Niewątpliwie nie da się nauczyć innych czegoś, czego samemu się nie umie...

> Ja bym jednak nacisk kładł na umiejętność uczenia

Każdy przedmiot ma inną metodykę.

> (wiadomości merytoryczne to rzecz do nauczenia się...)
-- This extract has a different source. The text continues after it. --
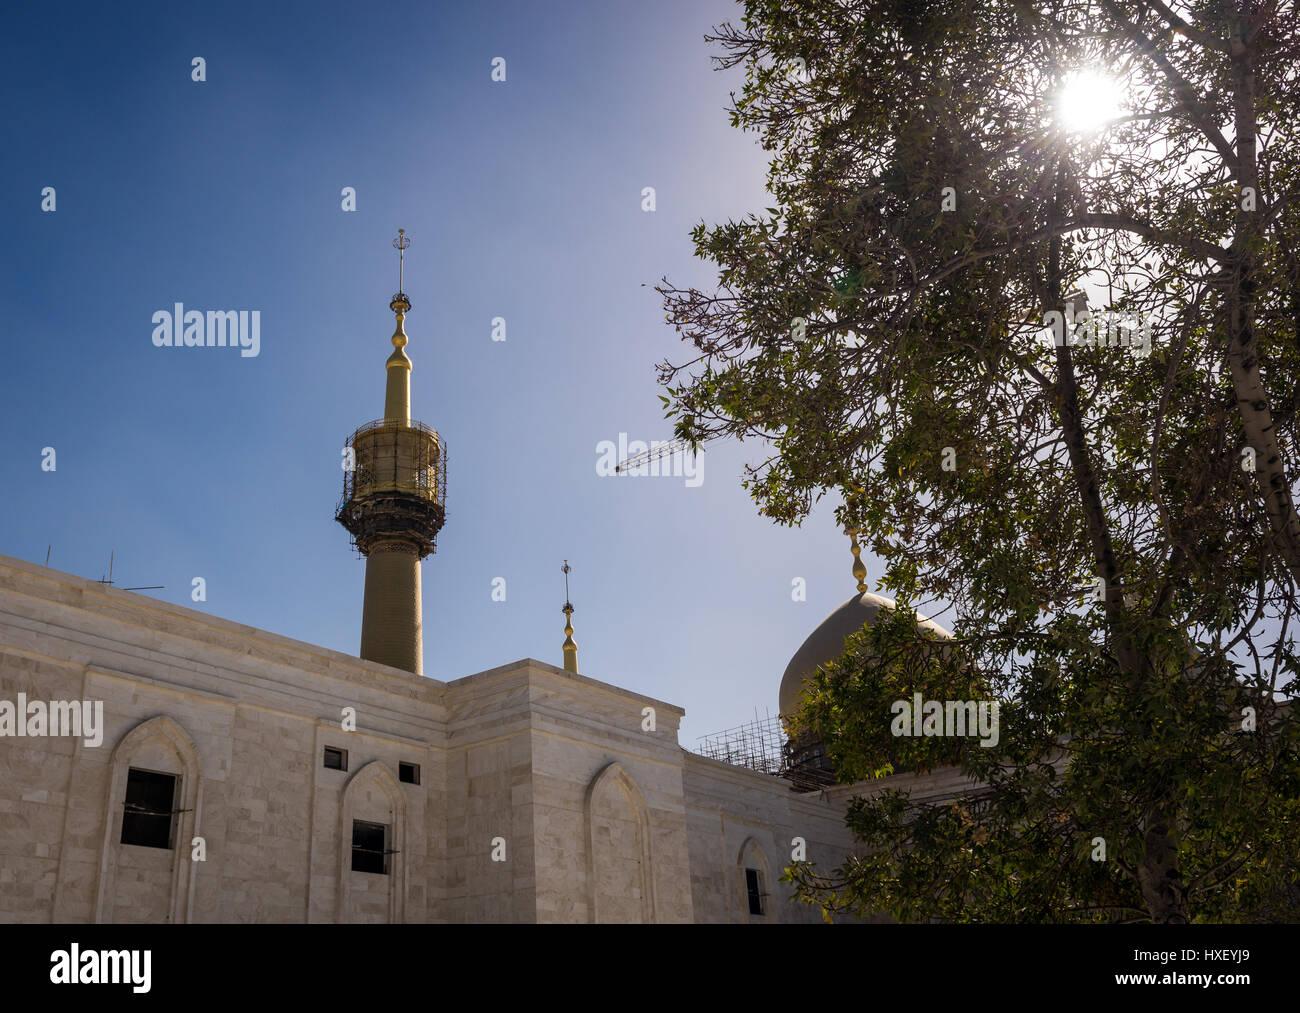 Non Muslim Perspective On The Revolution Of Imam Hussain: Ruhollah Khomeini Stock Photos & Ruhollah Khomeini Stock

Ile czasu na to potrzeba? 5 lat studiów, czy kilkanaście zjazdów?

>
> > Nauczyciela fizyki, który oczekuje, że uczniowie mają jakąś wiedzę z
> > wcześniejszego etapu kształcenia.
> [...]
> >> Spróbuj te same pytania zadać przed lekcja i po niej (np na następnej
> > lekcji
> >> - dla porównania)
> >> (nie chodzi tu o ocenę Twoijejoracy a o to, co - i jak zapamiętali
> >> uczniowie)
> >
> > Ale ja nawet NIE POWINIENEM tego omawiać.
>
> ?
> Nie sprawdzasz jakości WŁASNEJ pracy?

Nie zrozumiałeś - nie powinienem omawiać tego, co było (powinno być)
omawiane w podstawówce. Ja powinienem tylko tego wymagać. Niestety - muszę
to omawiać i tracę przez to czas, który powinienem przeznaczyć na realizację
materiału gimnazjum.

>
> > Podstawa programowa została tak
> > sformułowana, że poszczególne etapy kształcenia mająsię uzupełniać, a
nie
> > dublować. Ja po prostu NIE MAM CZASU na powtarzanie podstawówki - a
muszę
> > to
> > robić, bo wiedza fizyczna wyniesiona z przyrody jest niemal żadna. Jak
> > łatwo
> > się domyśleć - odbija się to w klasie trzeciej, gdzie ledwo udaje się
> > omówić
> > najważniejsze działy przed egzaminem.
>
> Nie zakładaj, że ktoś za Ciebie nauczy Twoich uczniów
> Zawsze i tak się dowiesz, że "tego nie braliśmy"
> albo " mnie wtedy nie było w szkole"
> To standardowe tłumaczenia uczniów...
> (a inne zadanie pytania o to samo wykazuje co innego)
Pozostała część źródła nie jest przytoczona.